DeWitt Pressy Grande Complication watch

The term “Grande Complication” is increasingly used in the popular watch vernacular to describe any exceptionally complicated mechanism.  Technically however, it refers to a specific combination of complications.  To be exact, a Grande Complication watch is one which features a perpetual calendar, a split-seconds chronograph, and a minute repeater.  Such rare timepieces are among the loftiest achievements in the haute horlogerie repertoire, and the few companies who possess the knowledge to construct them can–by necessity–produce only a tiny handful per year. 

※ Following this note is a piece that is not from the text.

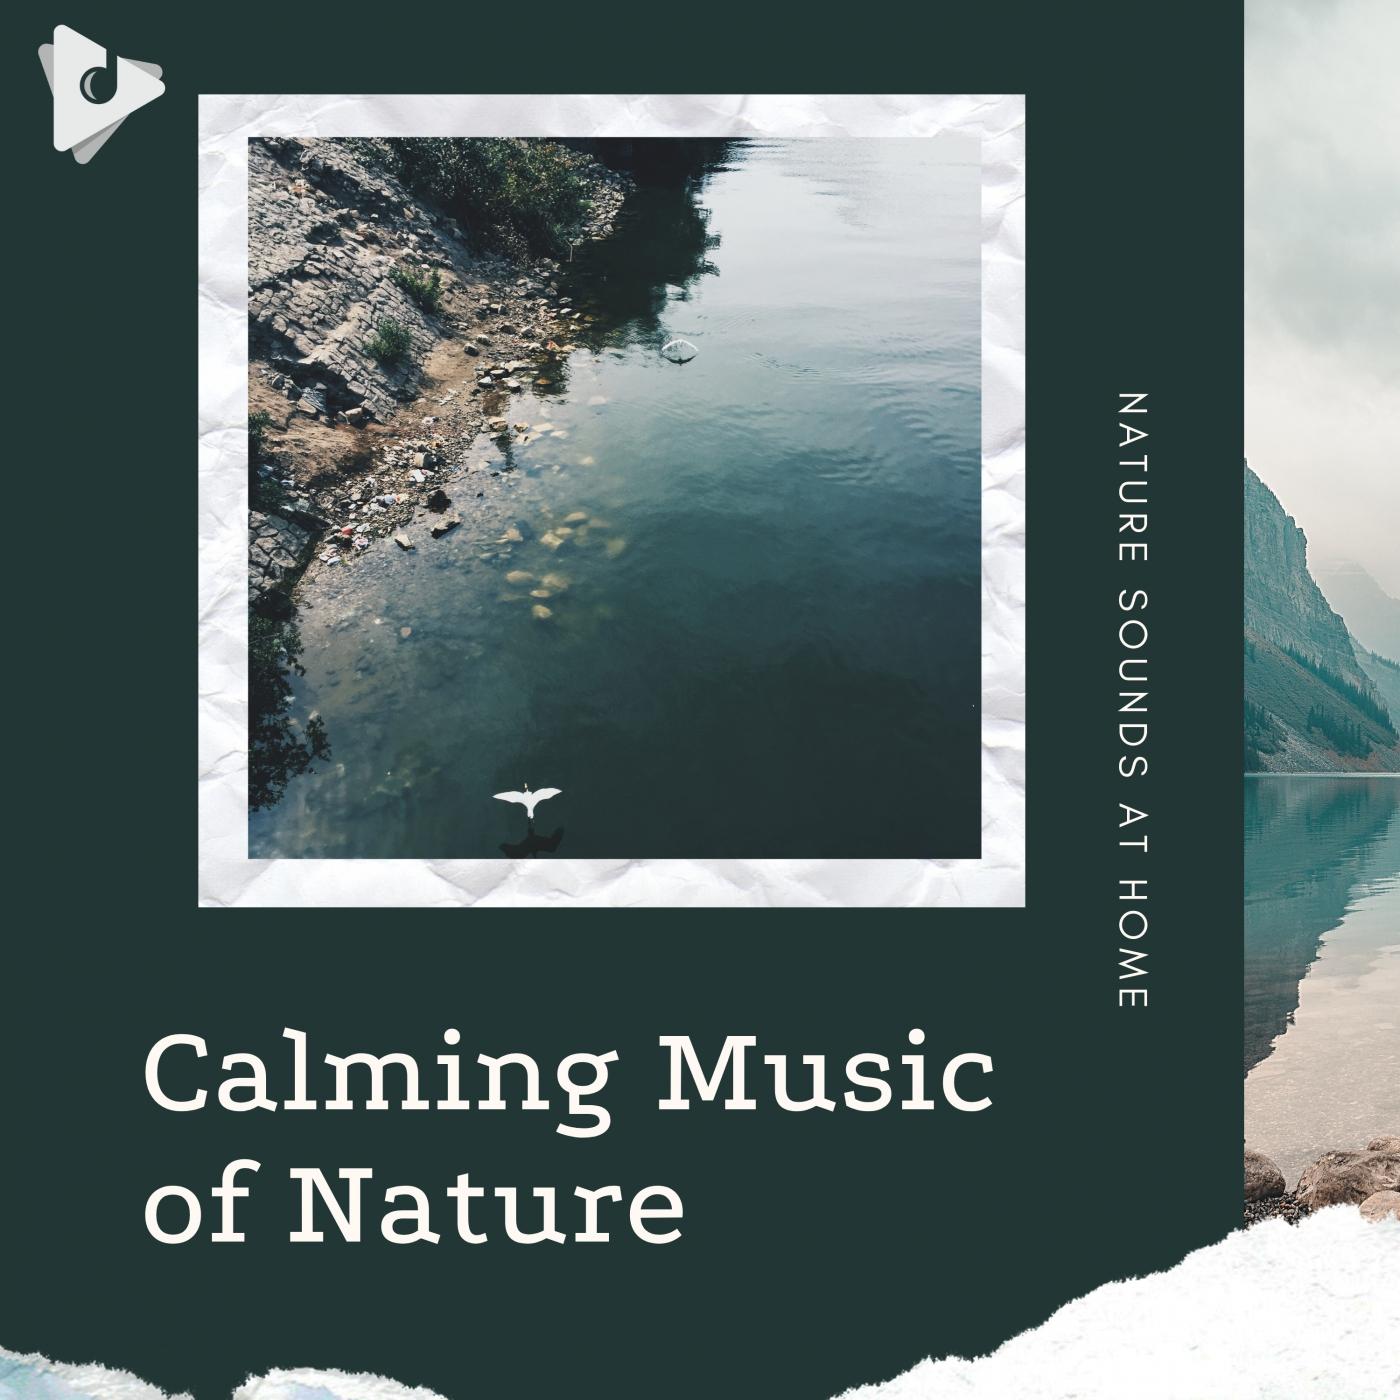 Calming Music of Nature

One such incredible watch, and perhaps the most well-known to enthusiasts and collectors today, is the Audemars Piguet Grande Complication.  Presented in models in both the Jules Audemars Collection and Royal Oak Collection, this Audemars Piguet masterpiece utilizes a self-winding masterpiece–the Caliber 2885, with its 654 hand-finished and decorated components.    

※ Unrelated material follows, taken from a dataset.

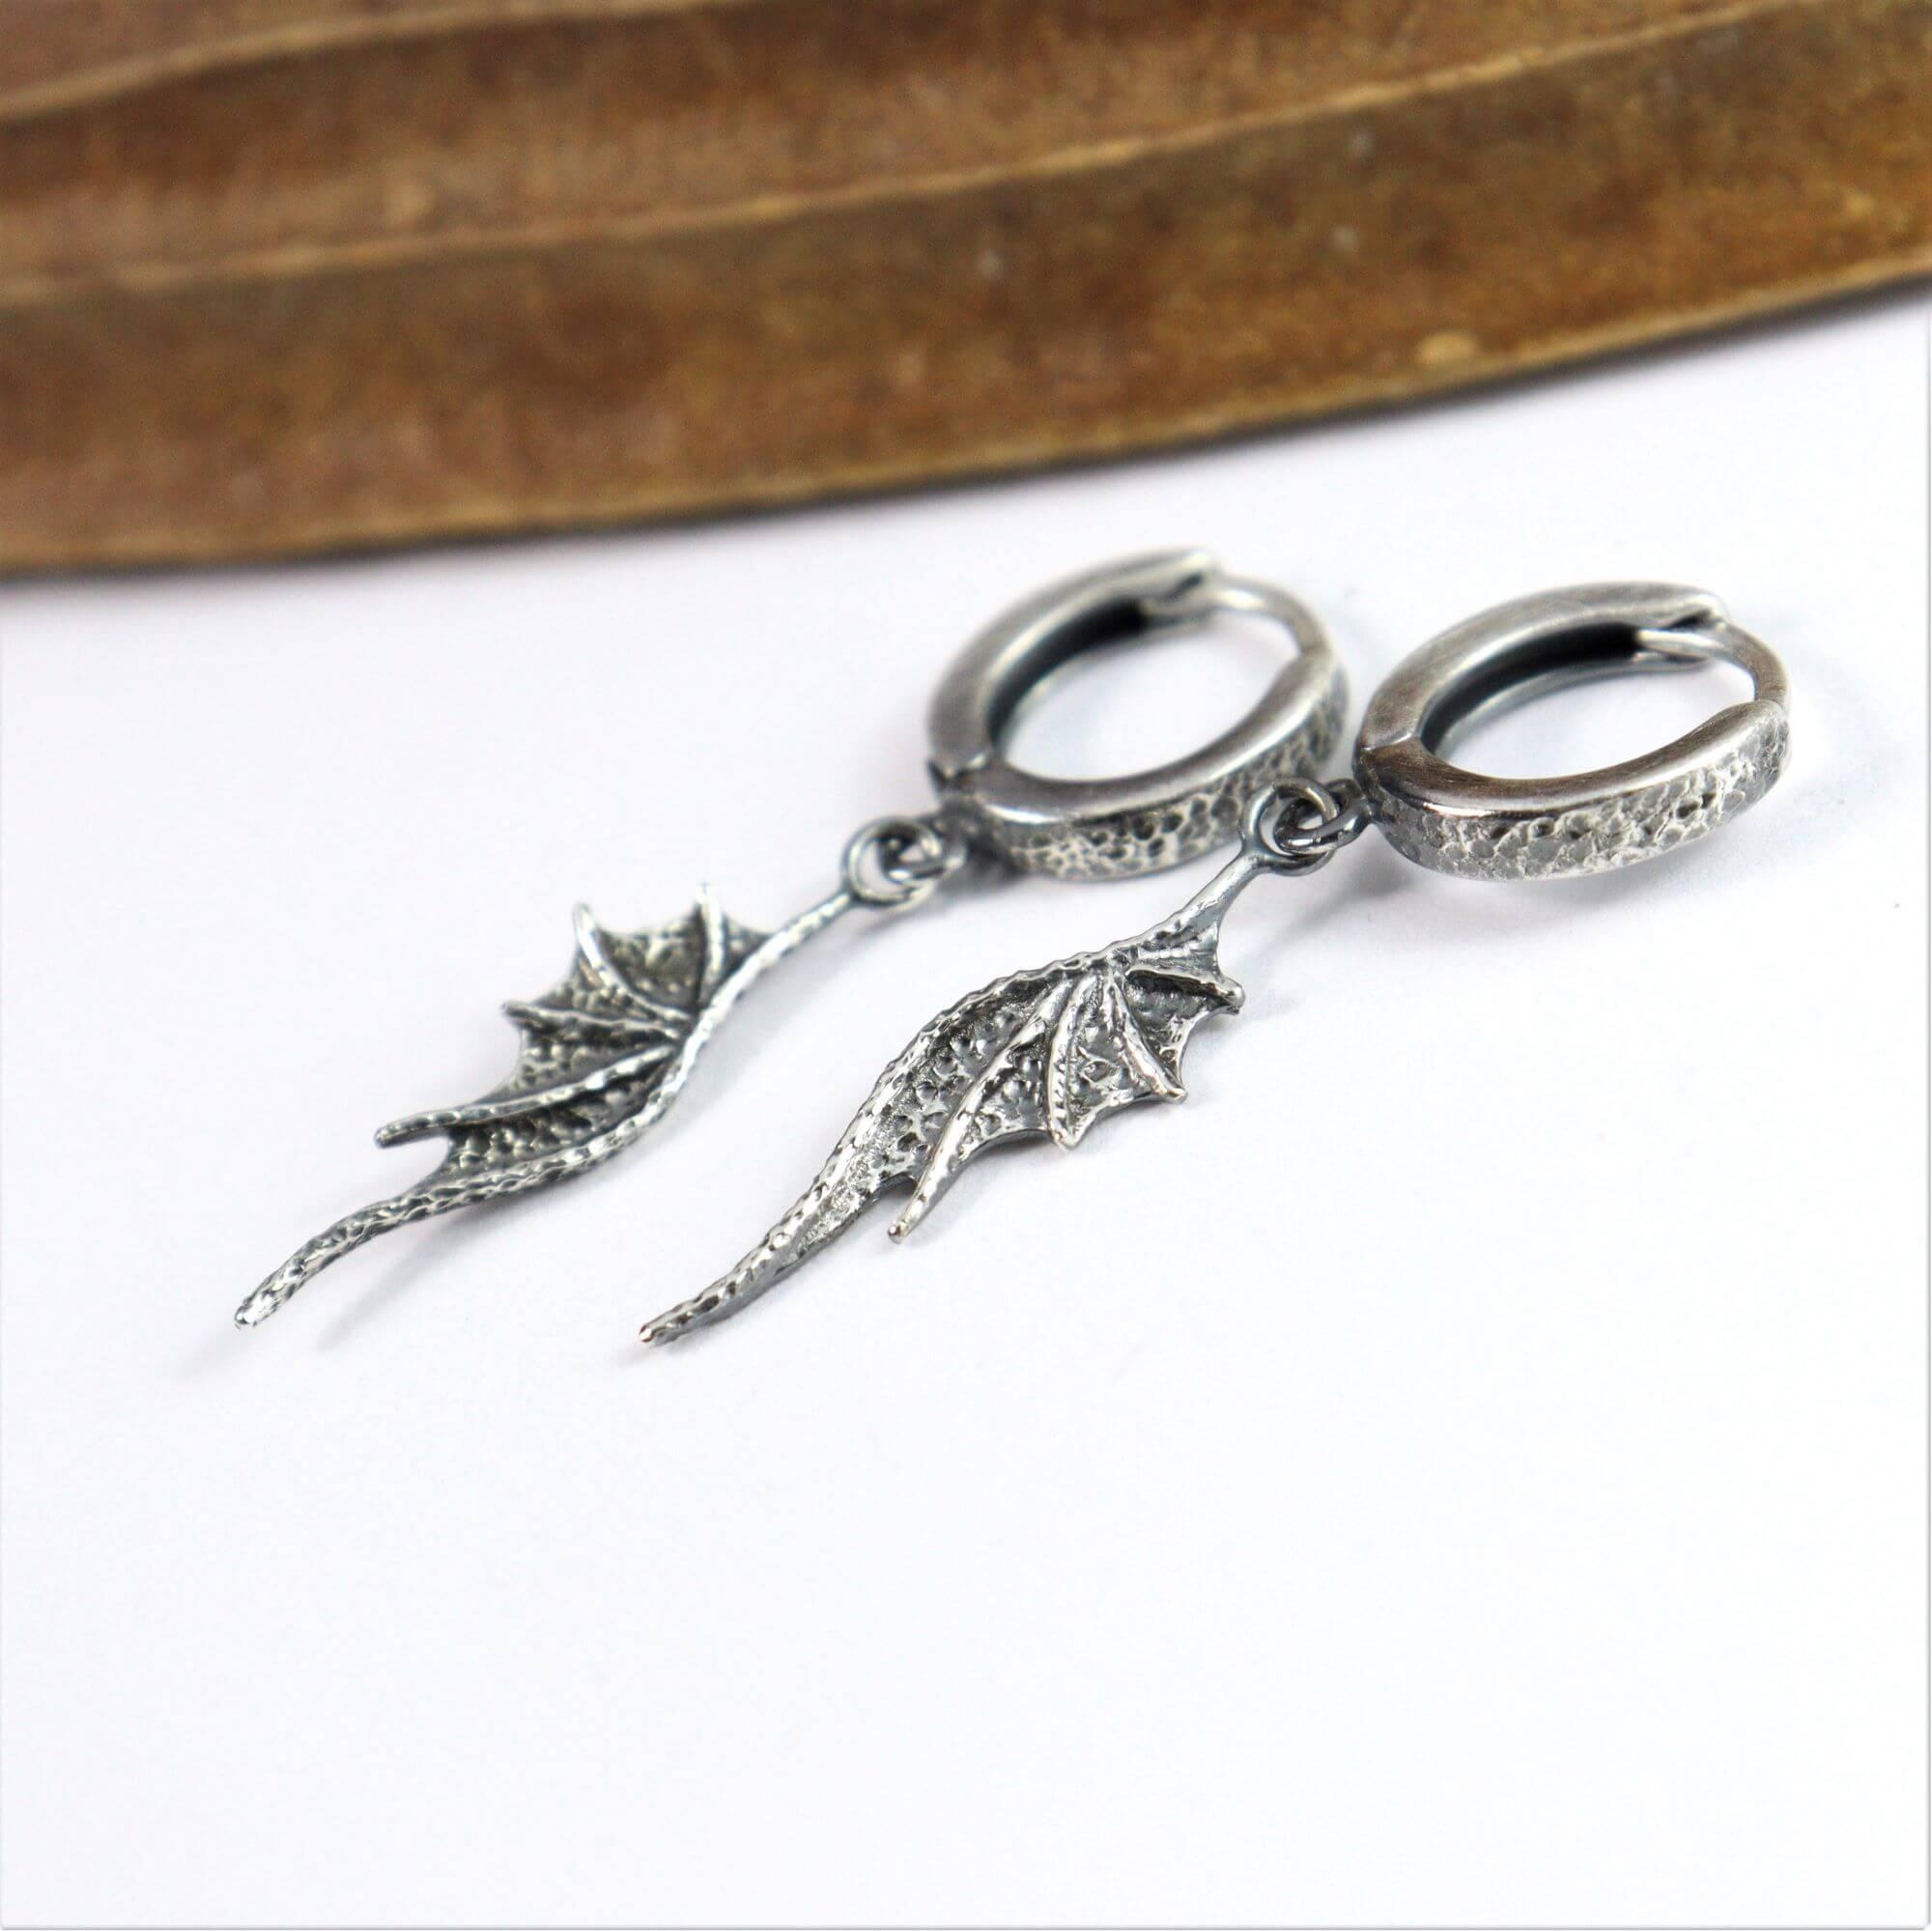 Kolczyki Long Dragon Wings Mini na biglach

Even more complicated, because they also feature a tourbillon, are the legendary Blancpain 1735 watch and the equally extraodinary DeWitt Pressy Grande Complication watch.  While both are in platinum, and both are are among the most complex–and expensive–watches in the world, these two works of horological art do differ in many aesthetic details.  The Blancpain 1735 is self-winding, and has somewhat more classical subdial-type displays for its calendar indications, as well as an equally traditional moonphase indicator.  On the other hand, the DeWitt Pressy Grande Complication watch’s movement is manually wound.  While it doesn’t have a moonphase display, the Pressy does offer as a centerpiece an eye-catching retrograde indication for the day of the week, and the date.